The Dark Energy Camera (DECam), fabricated by the Department of Energy (DOE), is mounted on the Víctor M. Blanco 4-meter Telescope at the Cerro Tololo Inter-American Observatory (CTIO) in north-central Chile. Telescope construction started in 1969 with the casting of the primary mirror. The assembly at the Cerro Tololo mountaintop was finished in 1974. Upon completion of construction it was the 3rd largest telescope in the world, behind the 200-inch Hale telescope at Palomar Observatory in California and the BTA-6 in southern Russia, and was the largest in the Southern Hemisphere (a title that it held for 22 years).

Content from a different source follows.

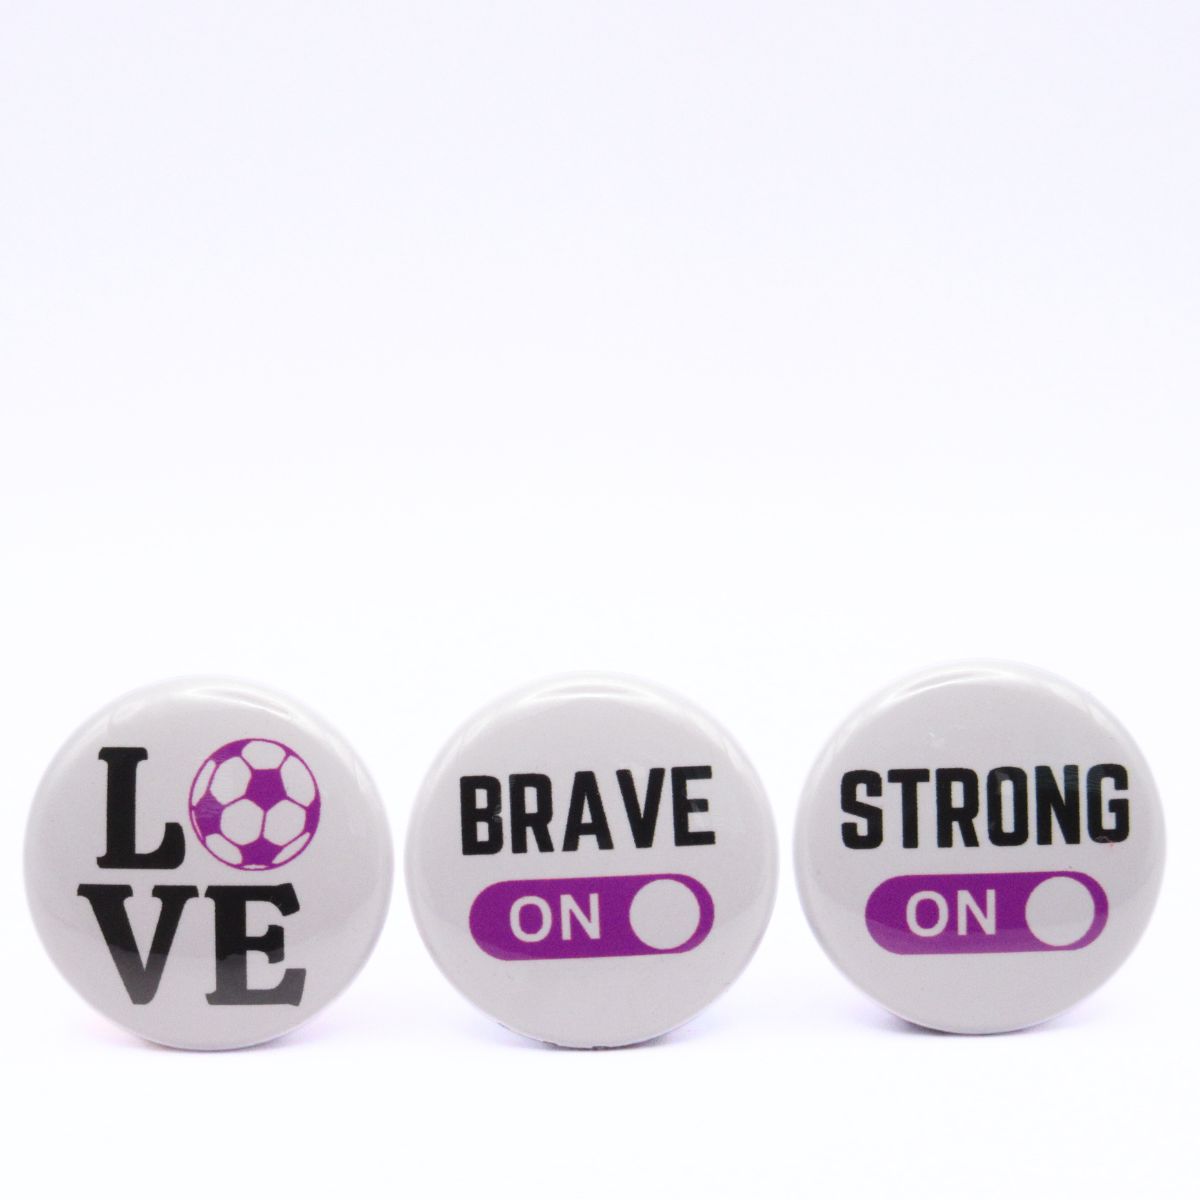 BooBooRoo Pinback Button (i.e. button, badge, pin) 3-pack displaying soccer love, fierce mode on, and strong mode on. Purple background for mode indicator and soccer ball.

It was later named in 1995 in honor of Víctor M. Blanco, Puerto Rican astronomer and former director of CTIO. © DOE/FNAL/DECam/R. Hahn/CTIO/NOIRLab/NSF/AURA
Although the current results are not yet definitive, upcoming analyses incorporating additional DES probes—such as galaxy clustering and weak lensing—could strengthen the evidence. Similar trends have emerged from other major cosmological projects, including the Dark Energy Spectroscopic Instrument (DESI), raising anticipation within the scientific community.
“These results represent years of collaborative effort to extract cosmological insights from DES data,” says Jessie Muir of the University of Cincinnati. “There is still much to learn, and it will be exciting to see how our understanding evolves as new measurements become available.”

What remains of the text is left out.